Jazz fanatics who love hard-bopping trumpet have been counting the days until Oct. 21, when Terence Blanchard unpacks his horn at the Wisconsin Union Theater in an Isthmus Jazz Series event. But you don't have to be a jazz fiend to be entranced by Blanchard's compositions. Fact is, you're sure to have already experienced his urgent sound. It can be heard in over 50 feature films, including Spike Lee's Malcolm X.
More recently Blanchard, a New Orleans native, transformed the death and destruction of Hurricane Katrina into artistic expressions as important as any historical document. In 2006 he scored Lee's four-hour HBO documentary When the Levees Broke. In 2007 he won his third of five Grammy Awards for A Tale of God's Will: A Requiem for Katrina.

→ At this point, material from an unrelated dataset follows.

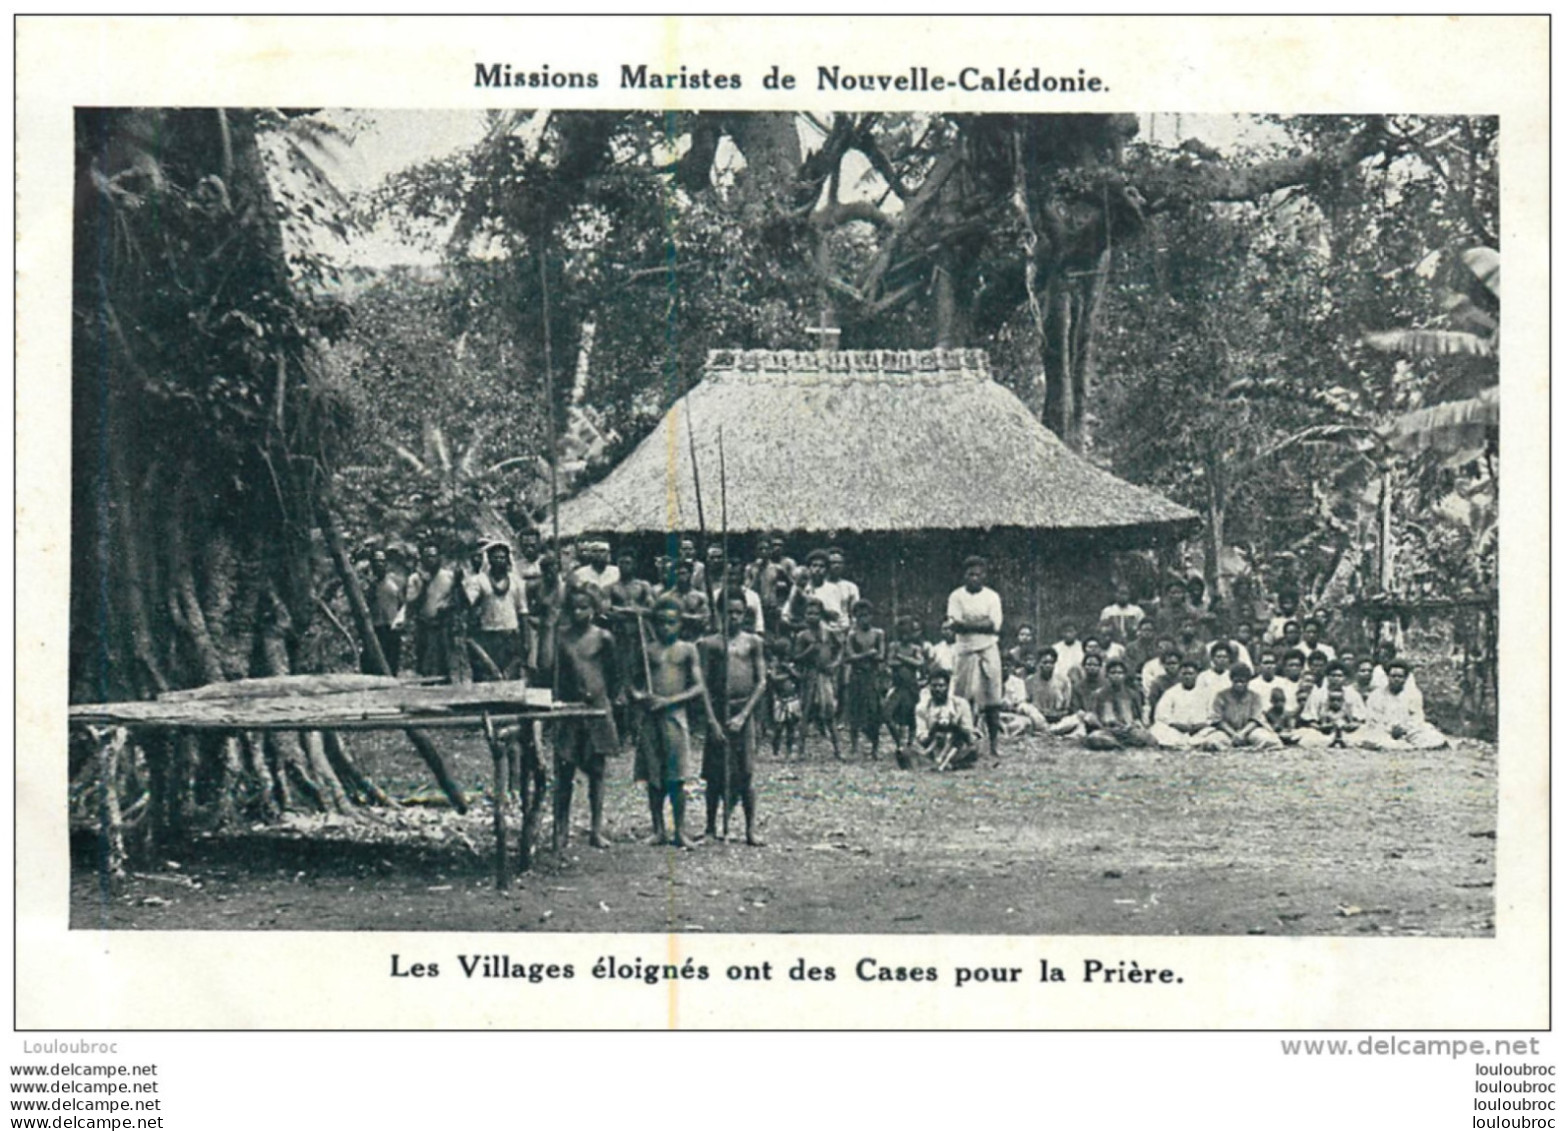 MISSIONS MARISTES DE NOUVELLE CALEDONIE LES VILLAGES ELOIGNES ONT DES CASES POUR LA PRIERE - New Caledonia

Blanchard is a restless soul. His career is like a jazz chart, filled with unseen turns, twists and handoffs. He recently made his Broadway debut in Scott Rudin's production of Motherf**ker with the Hat, starring Chris Rock. Even as he tours, he's writing the score for the forthcoming Broadway revival of A Streetcar Named Desire. Opera St. Louis commissioned him to write an original opera based on the life of boxing legend Emile Griffith. It will premiere next year.
All that would be plenty. But Blanchard also has a passion for teaching. He relocated the Thelonious Monk Institute of Jazz from Los Angeles to New Orleans, where he teaches arranging, composition and artistic development. He's artistic director of the Henry Mancini Institute at the University of Miami School of Music. He's also the artistic director of the Detroit Symphony Orchestra.
The 49-year-old began playing piano at age 8. Blanchard's father, a New Orleans insurance salesman who loved opera, grew tired of his young keyboardist pounding out TV theme songs like Batman. He ordered him to take lessons and join the school band, where Blanchard picked up his first trumpet. Though he joined the marching band, he grew weary with the music program at his Catholic school. By high school, he was studying under Ellis Marsalis at the New Orleans Center for Creative Arts.
Touring with his current quintet appears to have reawakened Blanchard's love of making live music. He's deep into Afro-fusion now. An intense performer, Blanchard was, as one reviewer put it, "ubiquitous" at last month's Monterey Jazz Festival. Expect the same generous, dazzling attack in Madison, where he's sure to take his ensemble - and his audience - back to school.